The official in charge of the recovery operation on the Isle of Lewis said yesterday that work had continued at pace since salvors boarded on Sunday.
Compressors were being transferred onto the rig yesterday, while a number of towlines have been attached, Hugh Shaw said.
Rig-owner Transocean is also transferring diesel fuel to tanks above the waterline, the Maritime and Coastguard Agency said yesterday, adding recent checks had not revealed any pollution in the area.
But while progress has been made, salvors are still unsure when the rig will be ready for towing, nearly two weeks after it washed up at Dalmore beach on the western side of the island.
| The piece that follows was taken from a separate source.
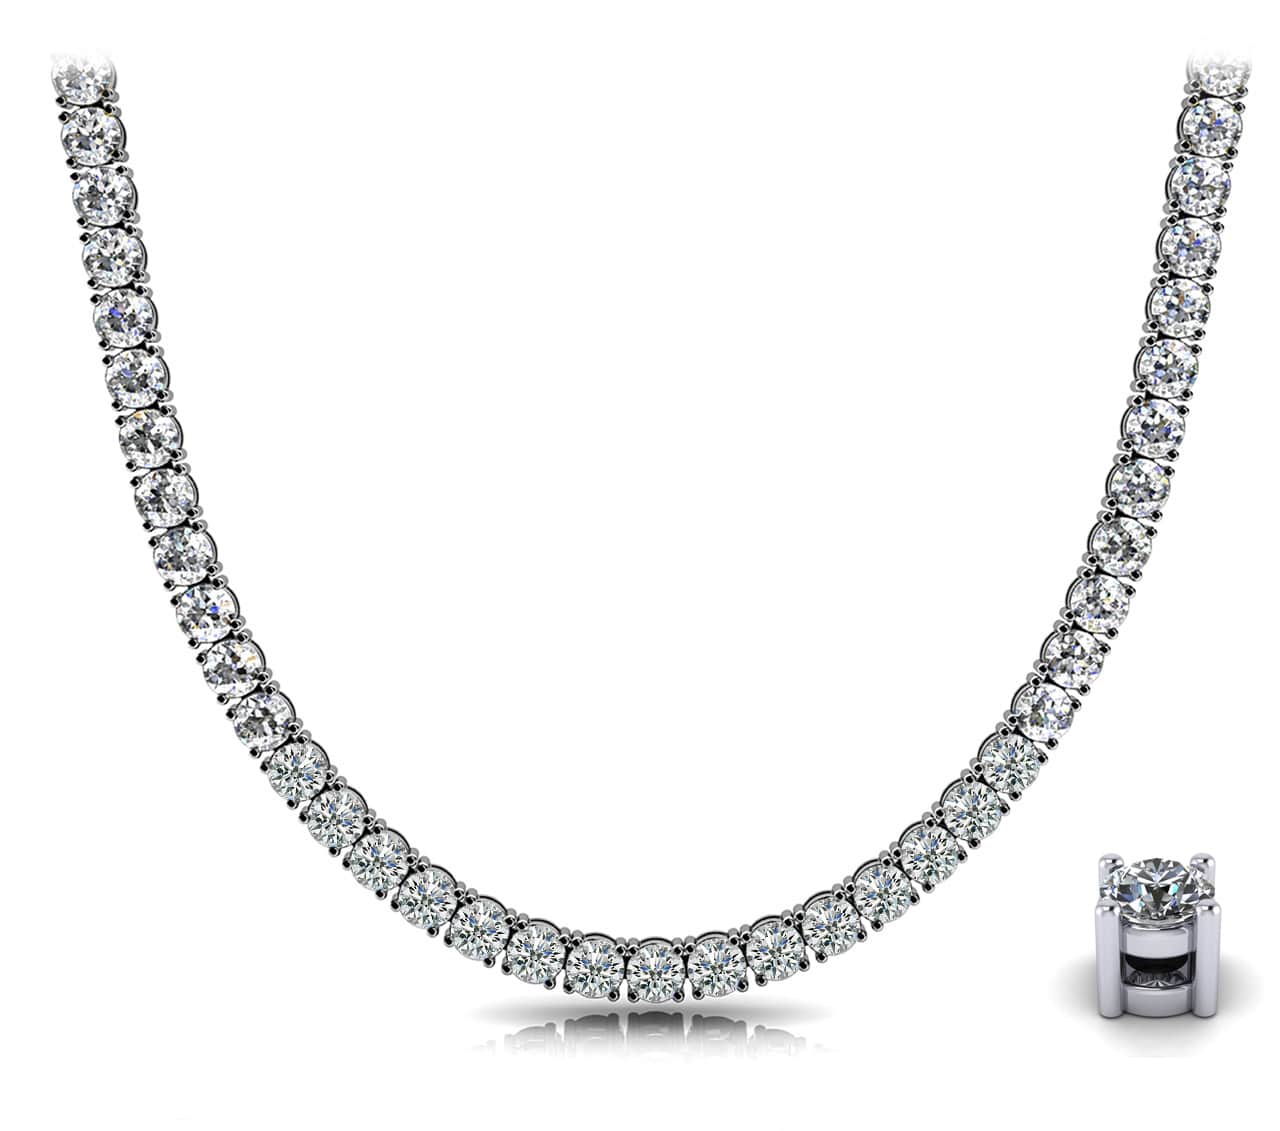 4 Prong Riviera Diamond Necklace In 18K 14K Yellow Gold White Gold Or Platinum

Mr Shaw, the Secretary of State’s representative for maritime salvage and intervention, warned of the danger of losing the rig again if towing begins without a clearer picture of the damage suffered to its buoyancy tanks.
Remotely-operated vehicles have been assessing the structure underwater, but it is only once compressors have been hooked up that salvors will know whether the rig can be made buoyant, Mr Shaw said.
If the rig cannot be safely refloated and towed, Mr Shaw said the team would have to “sit down, take stock and see what the other options are”.
“We don’t want to tow the vessel, have insufficient buoyancy and lose the rig,” he said. “If the salvage teams do not think they can do it, they’ll come back to me.”
He also vowed to keep the local residents informed about the operation’s progress.
On Thursday night, he attended a public meeting in nearby Carloway along with officials from Transocean.
Don Mackay, chairman of Carloway Community Association, said people felt they had been “ignored” in the wake of the rig’s grounding.
Mr Shaw said: “As soon as I am in a position to share when (towing) is going to happen, I’ll do so.
“The community has been supportive of us in our work and we, in return, have done our utmost to make sure they know what we’re doing and how and when.”
Transocean representatives apologised to residents for any disruption caused by the rig’s grounding and pledged to remove it without leaving a trace.